For Washington, almost everything is riding on this hope.
In other words, President George W. “lone cowboy” Bush is hoping China will save his ass.
U.S. officials are talking tough about beefing up their Proliferation Security Initiative, which mainly involves interdicting suspect shipments on the high seas.
Remember the So San affair?
But last week they quickly walked back any speculation that Assistant Secretary of State Christopher Hill’s stark rhetoric from last week—“North Korea can have a future or it can have these weapons. It can’t have both,†Hill said—meant a threat of war. The Pentagon is extremely leery of any military options, with the heavily-populated South Korean capital of Seoul lying vulnerable to missile attack just across the North Korean border. What Hill’s comment meant instead, several U.S. officials said, was that the U.N. Security Council would move to impose sanctions, and key countries such as China, Japan and South Korea would join in, ensuring that the Pyongyang regime remains utterly friendless.

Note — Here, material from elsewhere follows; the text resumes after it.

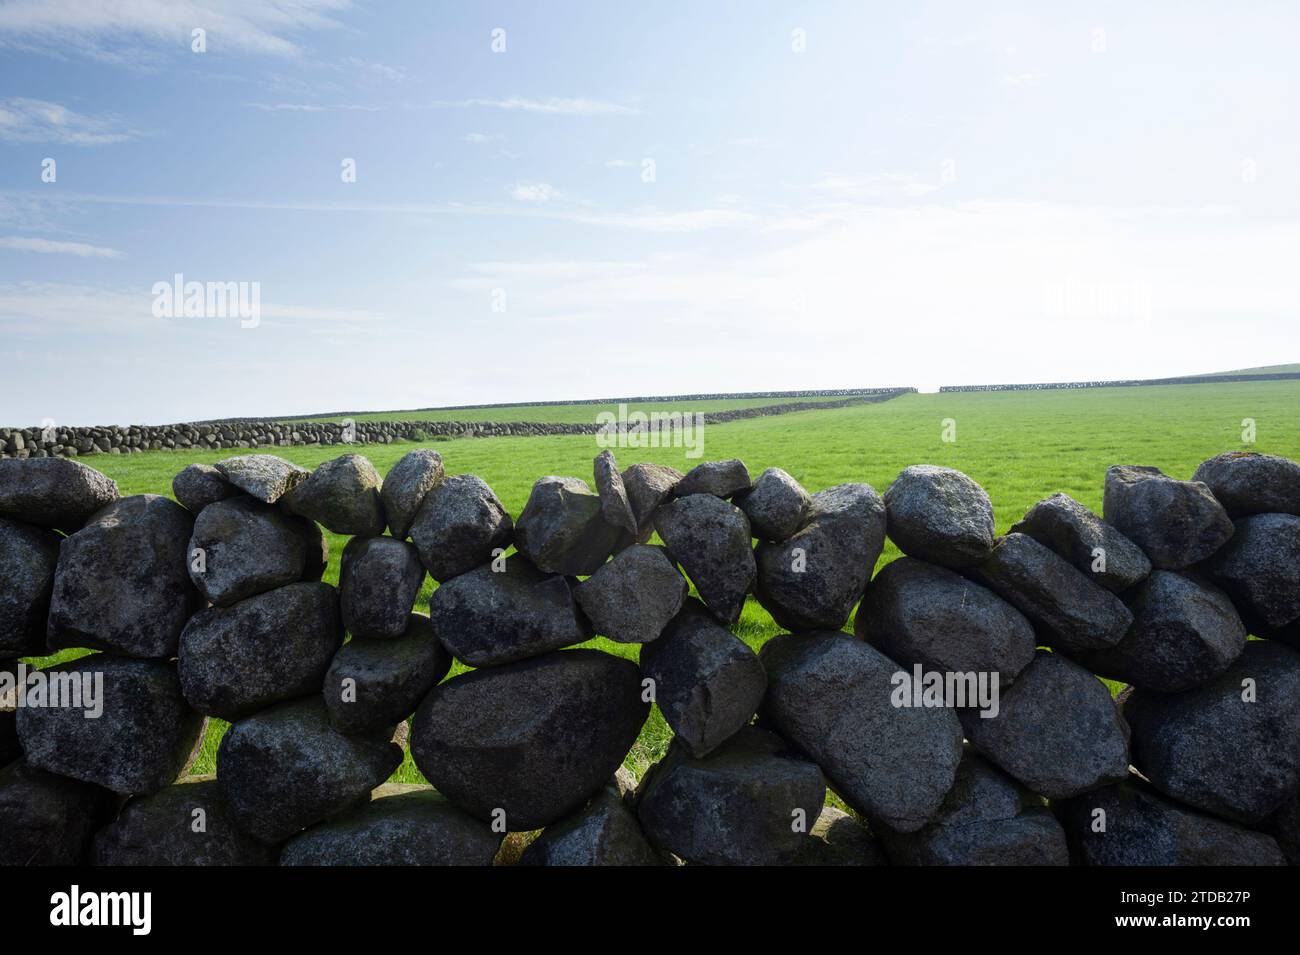 Granite stone walls in the Mourne Mountains. County Down, Northern Ireland, UK. Stock Photo

At the Guardian, Simon Tisdall explains there may not be much anyone can do about Korea.
A storm of predictable condemnation rained down on the heads of North Korea’s isolated regime in the wake of its first atomic weapons test today…. But the strong words did not disguise the weakness of the international community’s position now that North Korea has finally crossed the line and indisputably become what it has long claimed to be – a nuclear weapons state. In short, the big powers can huff and puff, but there is not a lot new in practical terms that they can do. This development was expected. They simply couldn’t stop it. …
… Sanctions are the obvious tool to which the US, Japan and other concerned spectators such as Britain will now resort. But such measures have been tried before and have failed to modify Pyongyang’s behaviour. In fact, they may have made it worse.

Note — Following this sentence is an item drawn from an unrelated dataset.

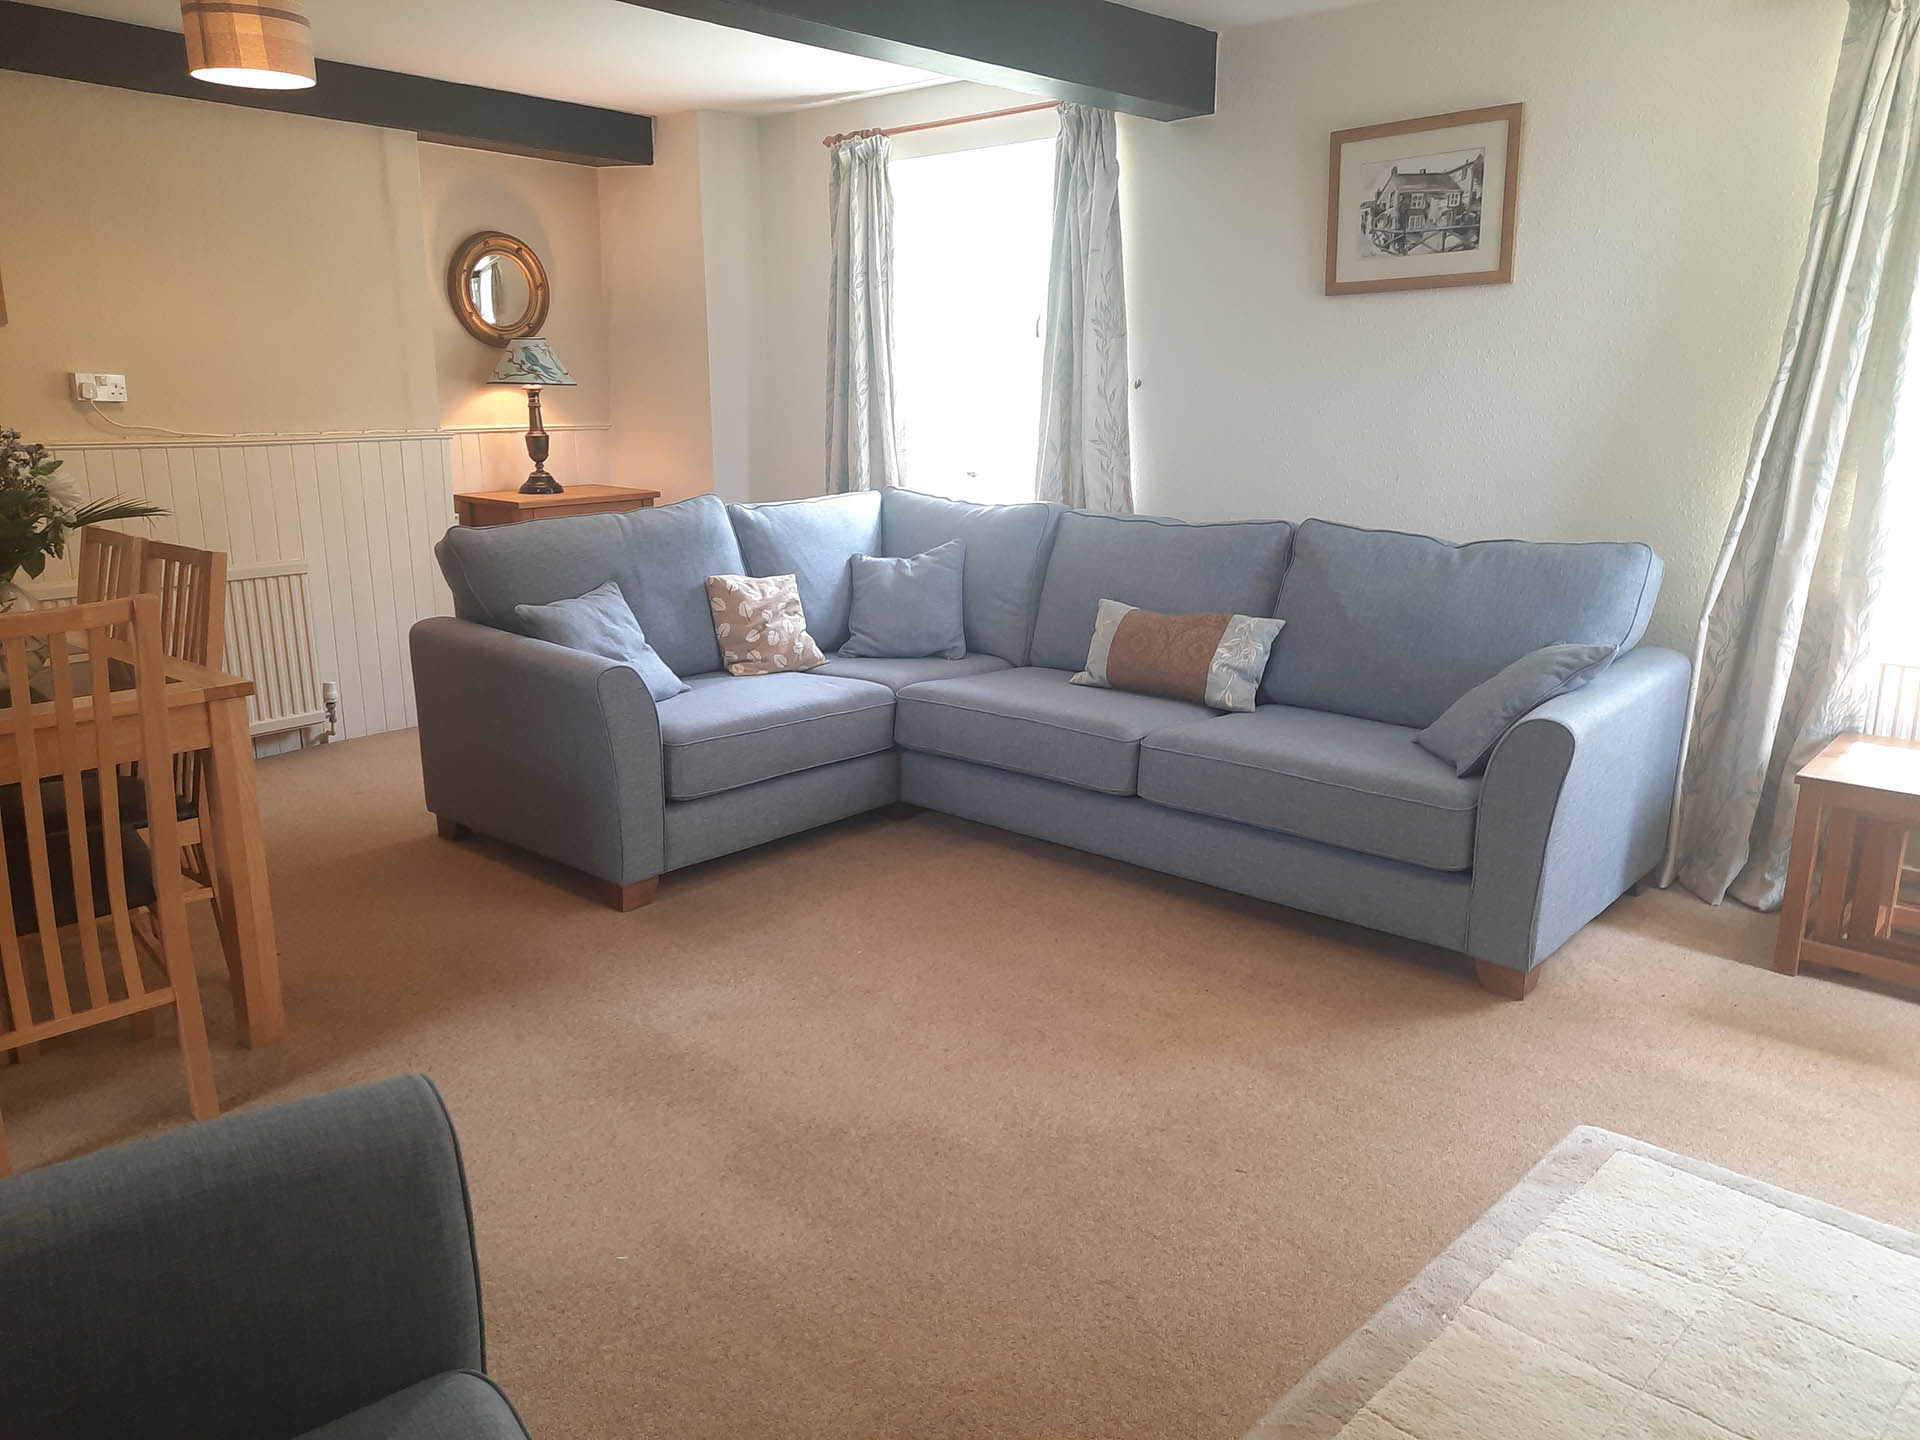 House Cottage Sitting Room Broomhill Manor Holiday Cottages Bude Cornwall

It is only a little more than a year since North Korea agreed in principle to abandon its nuclear ambitions in exchange for US technology, aid and security guarantees. But US financial sanctions imposed on North Korean banks and businesses operating via Macau last winter appear to have caused serious pain in Pyongyang. Intentionally or not, they scuppered any chance of resurrecting the six-party process once it hit renewed difficulties. …
… The prospect that, like it or not, the international community will ultimately have to deal with North Korea on its own terms has significant implications elsewhere. Iran, whose suspect nuclear activities will soon be brought before the UN security council, may be encouraged in its defiance if no effective punitive action is taken against North Korea. Conversely, those in Washington who argue against direct talks with Iran, and against offering the sort of incentives proffered North Korea last year, may be persuaded by today’s events that dialogue is the only viable future option. Arguably, it was the Bush administration’s refusal to persist with former president Bill Clinton’s “framework agreement” with North Korea that has led to the present impasse.

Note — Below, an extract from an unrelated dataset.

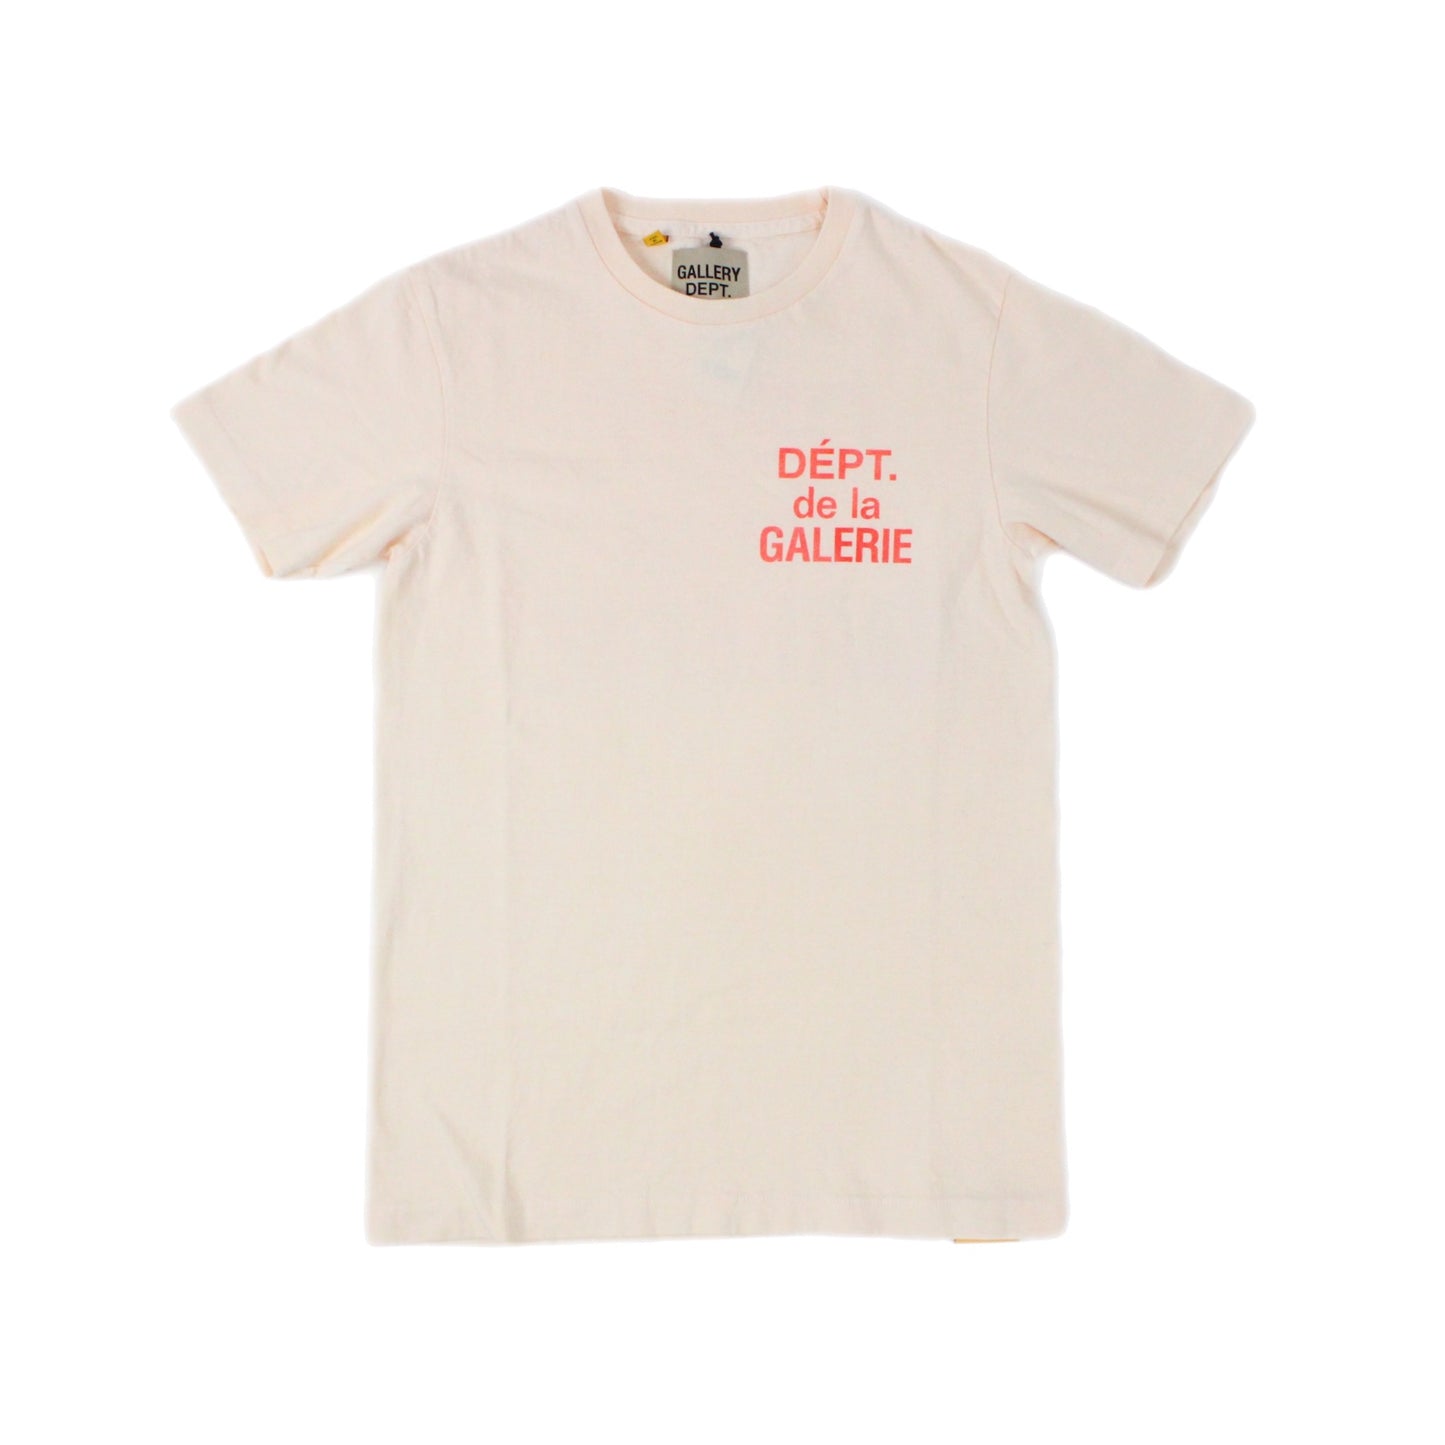 Gallery Dept. French Tee Cream and Red

Mr. Tisdall is an optimist. “Those in Washington” who helped bring the present impasse about are more likely to redouble their efforts to make matters worse.
Tim Grieve sums it up: The hard-liners in the White House were convinced from the beginning that a confrontational approach would bring North Korea to heel. Instead, the situation has deteriorated, and continues to deteriorate as the Bushies undermine their own diplomacy and throw away one opportunity after another to lower the temperature on a hot crisis.